(GIVEN MATERIAL):
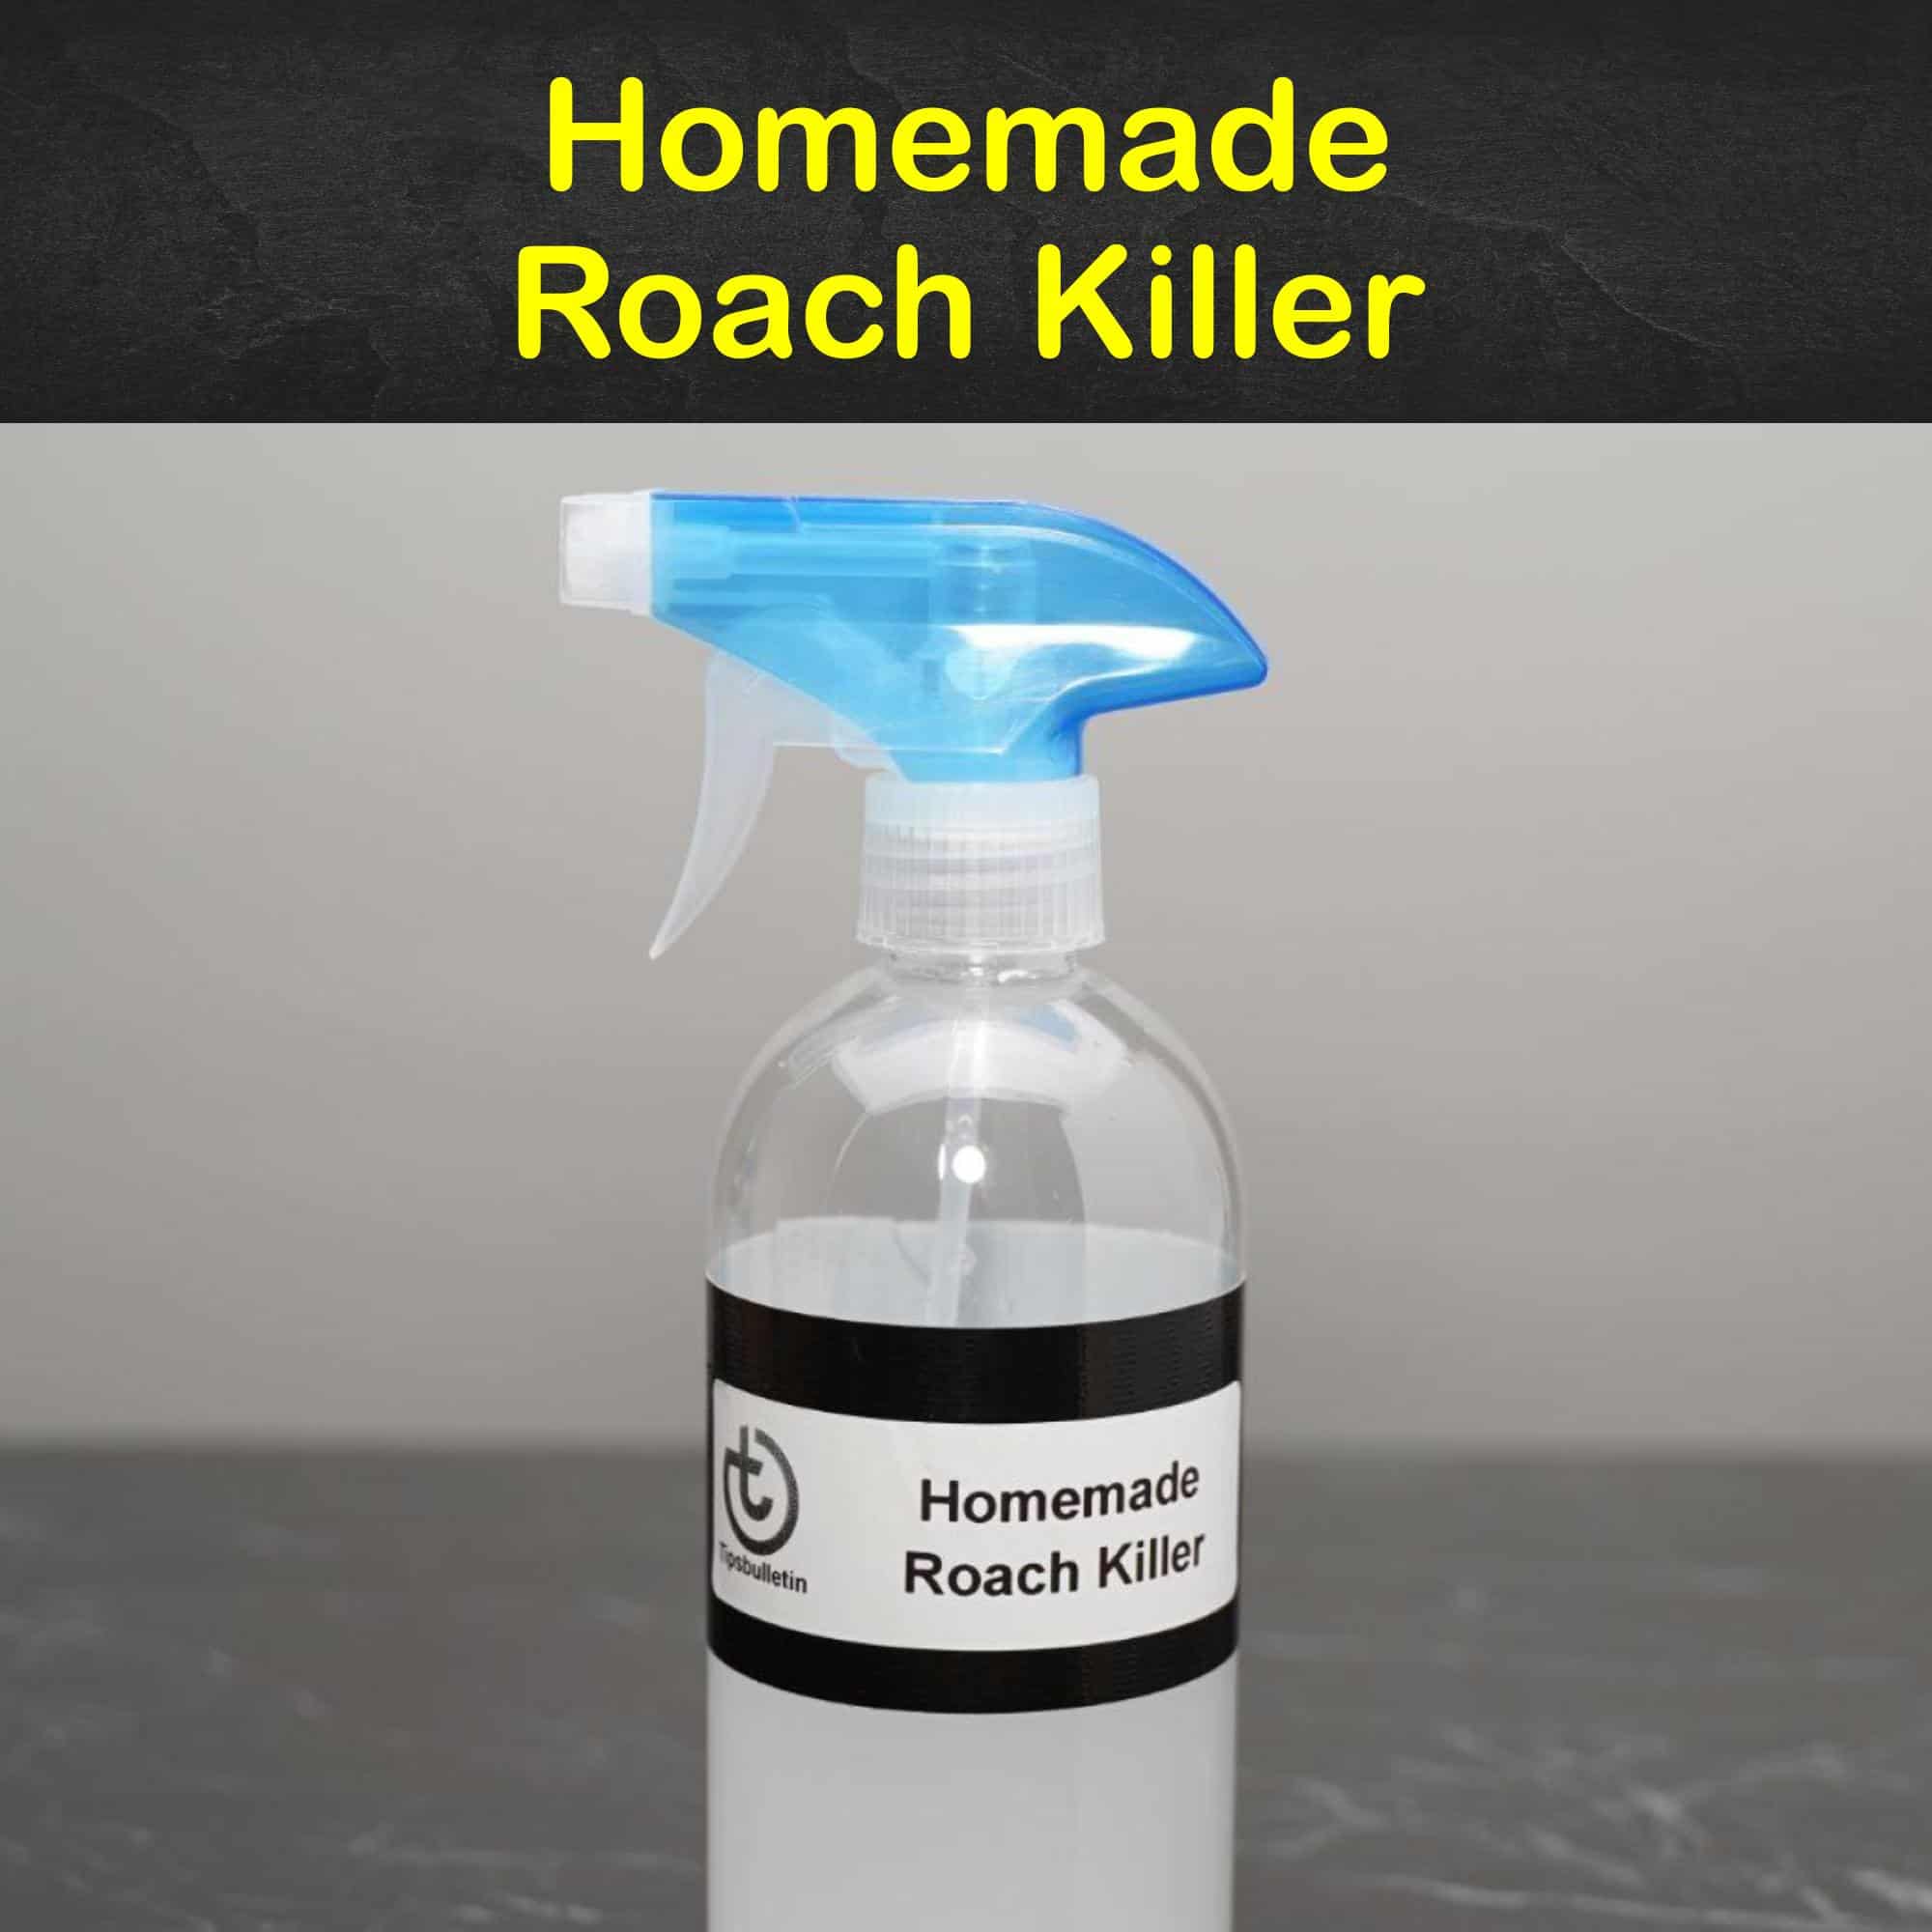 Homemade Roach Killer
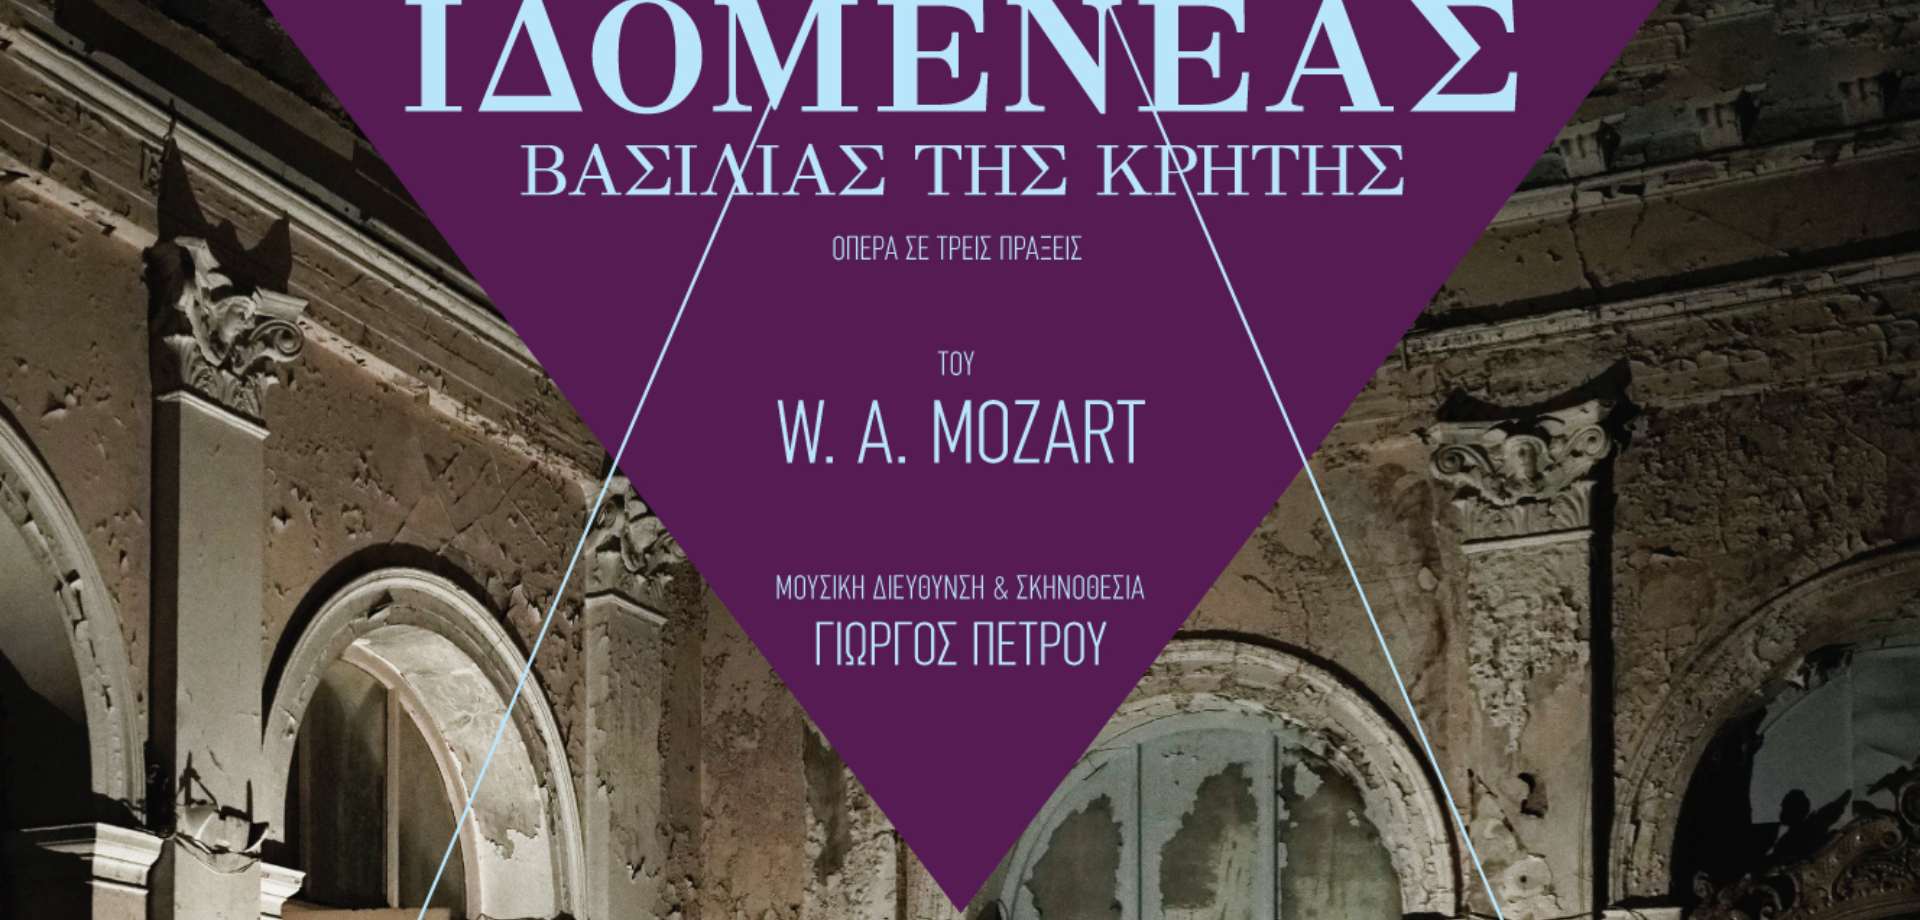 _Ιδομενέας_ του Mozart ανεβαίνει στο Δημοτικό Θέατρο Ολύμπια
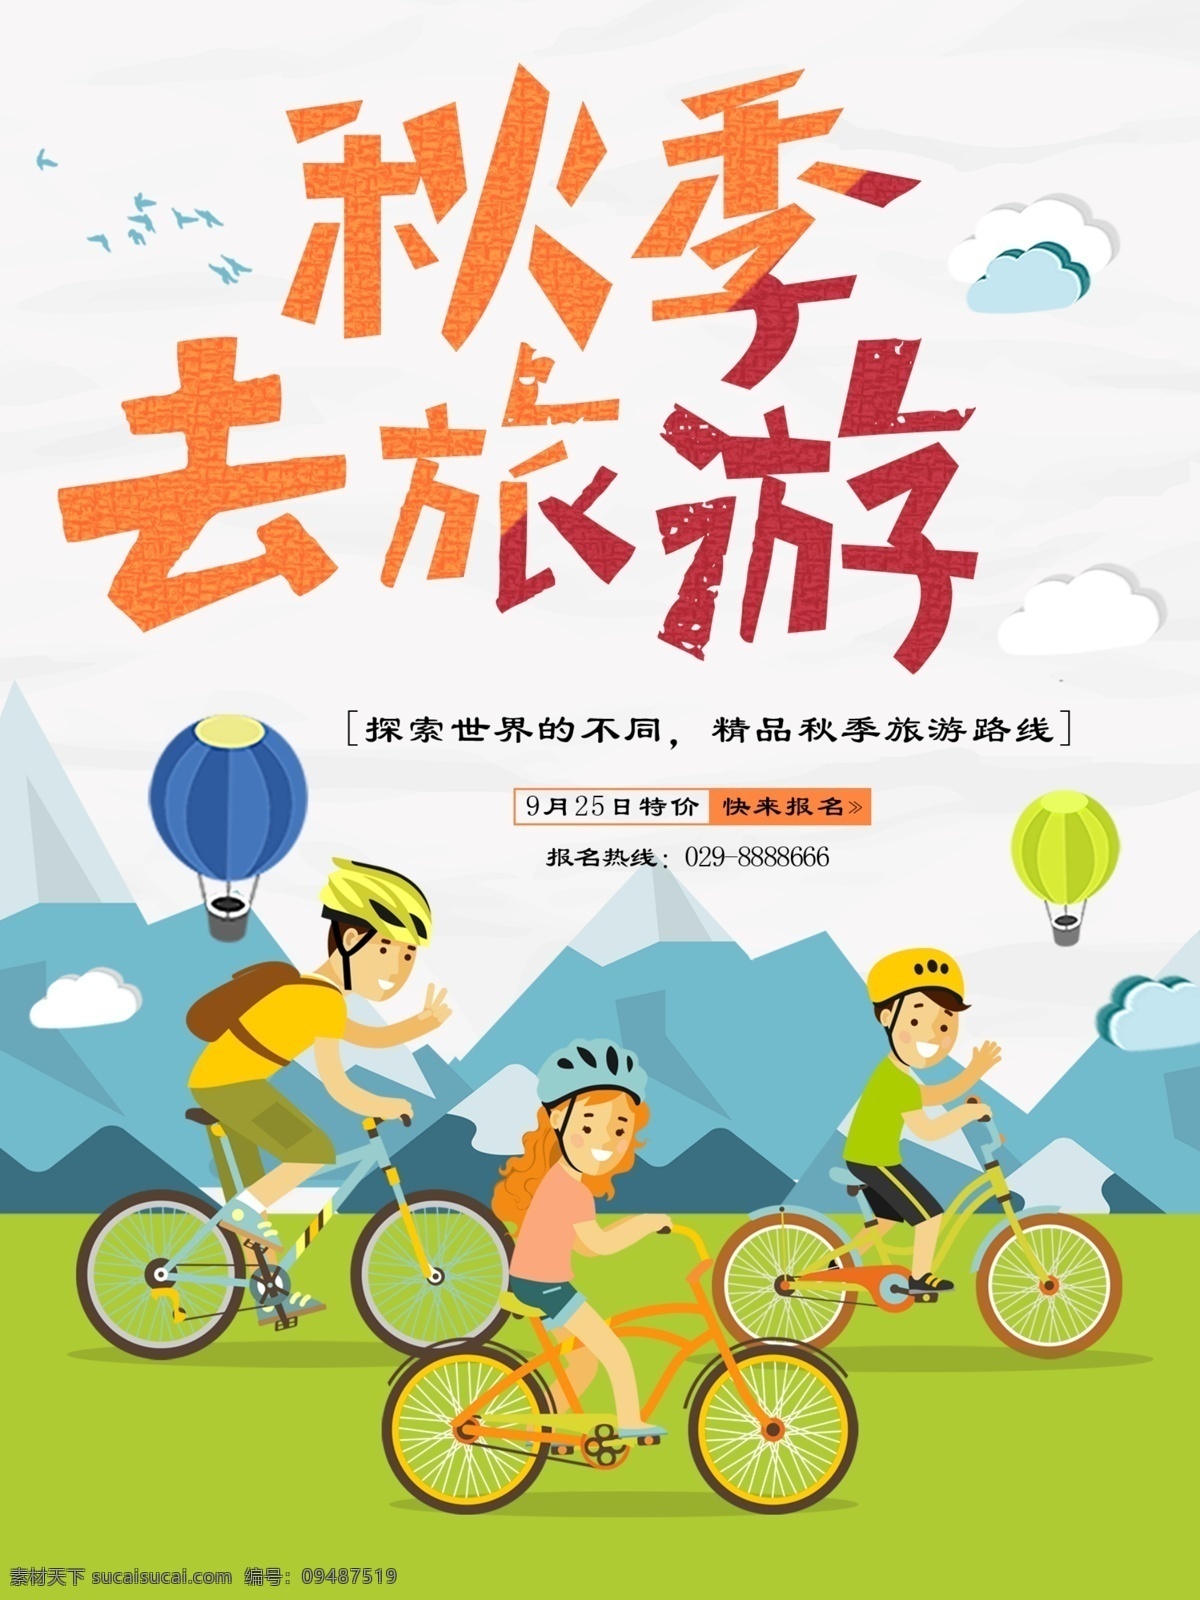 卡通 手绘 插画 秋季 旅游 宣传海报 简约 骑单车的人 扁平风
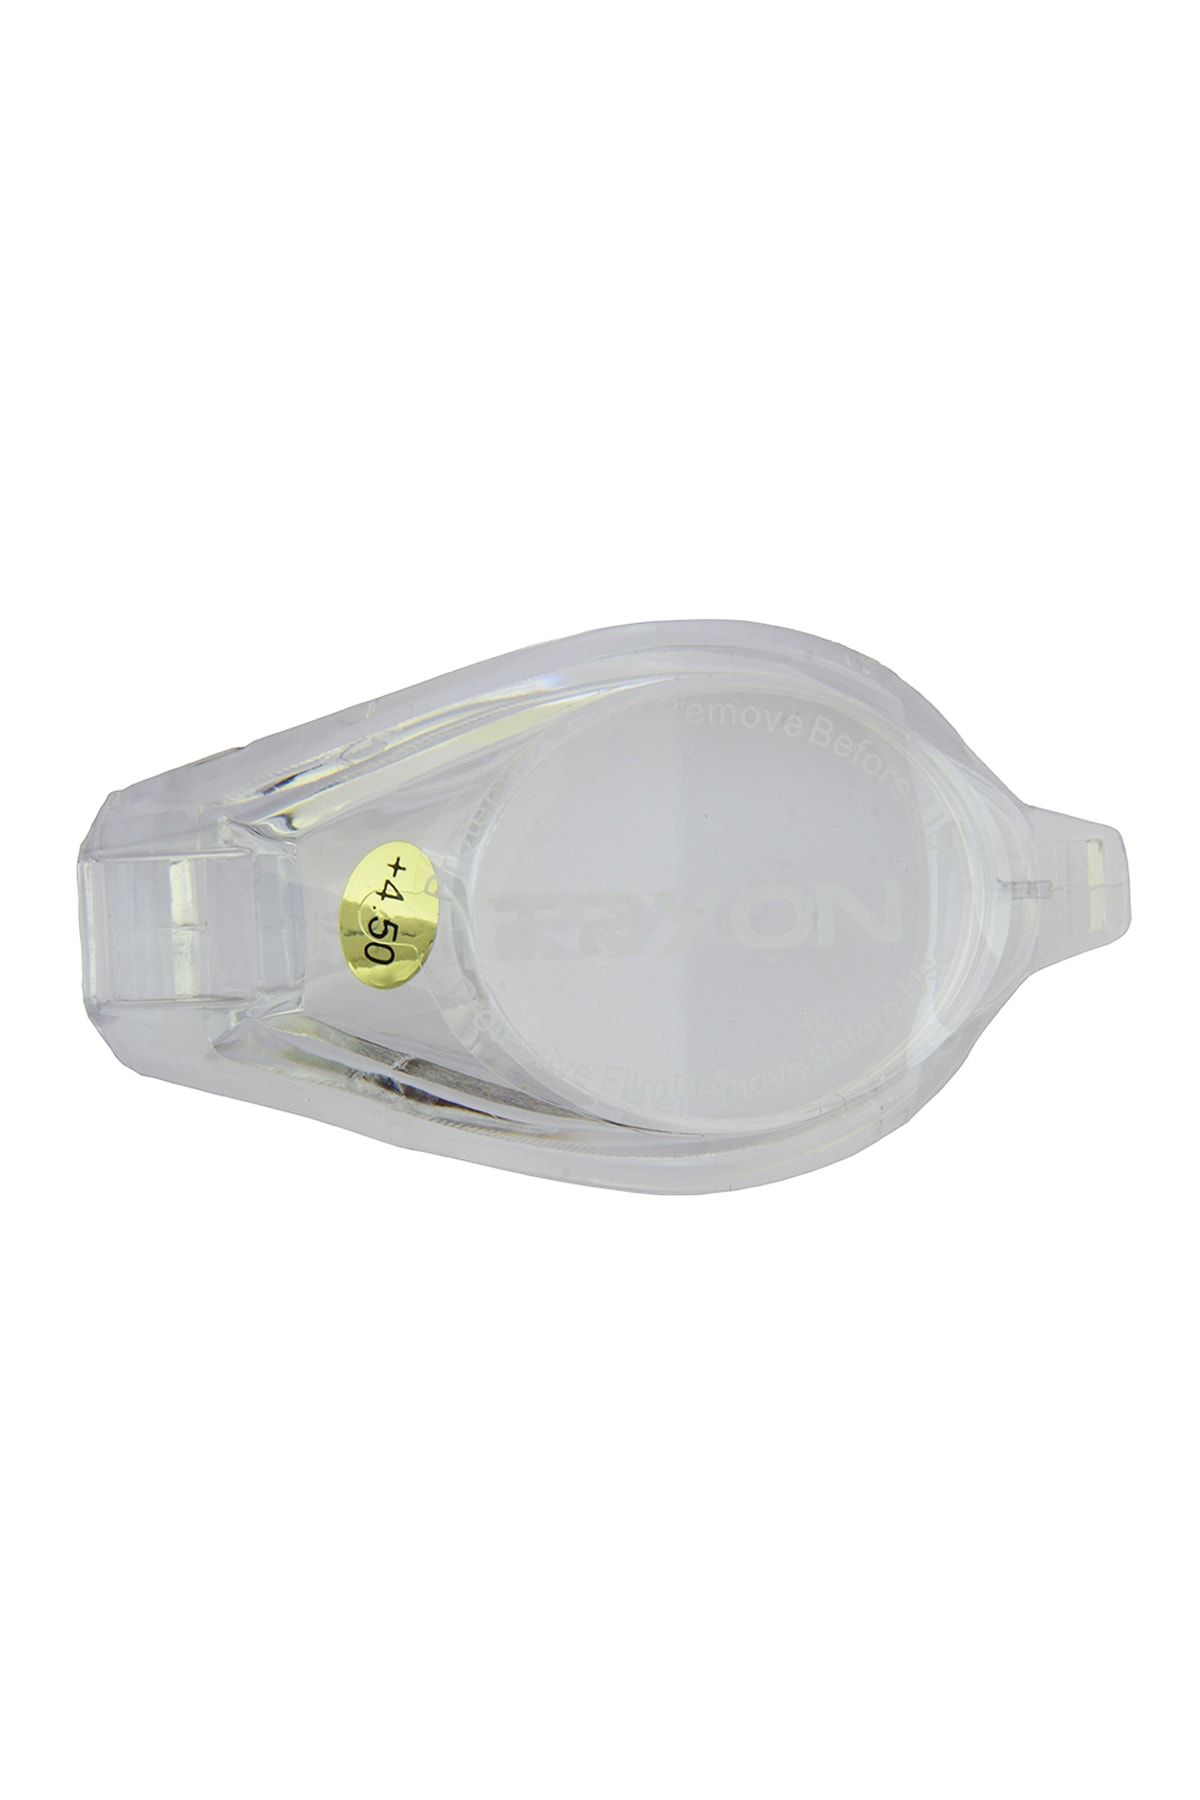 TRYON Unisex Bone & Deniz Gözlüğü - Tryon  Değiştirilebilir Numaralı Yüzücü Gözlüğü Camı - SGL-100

(PROBLEM REQUIREMENTS): Print the material above exactly, skipping its images.

(RESULT):
 Homemade Roach Killer
 _Ιδομενέας_ του Mozart ανεβαίνει στο Δημοτικό Θέατρο Ολύμπια
 卡通 手绘 插画 秋季 旅游 宣传海报 简约 骑单车的人 扁平风
 TRYON Unisex Bone & Deniz Gözlüğü - Tryon  Değiştirilebilir Numaralı Yüzücü Gözlüğü Camı - SGL-100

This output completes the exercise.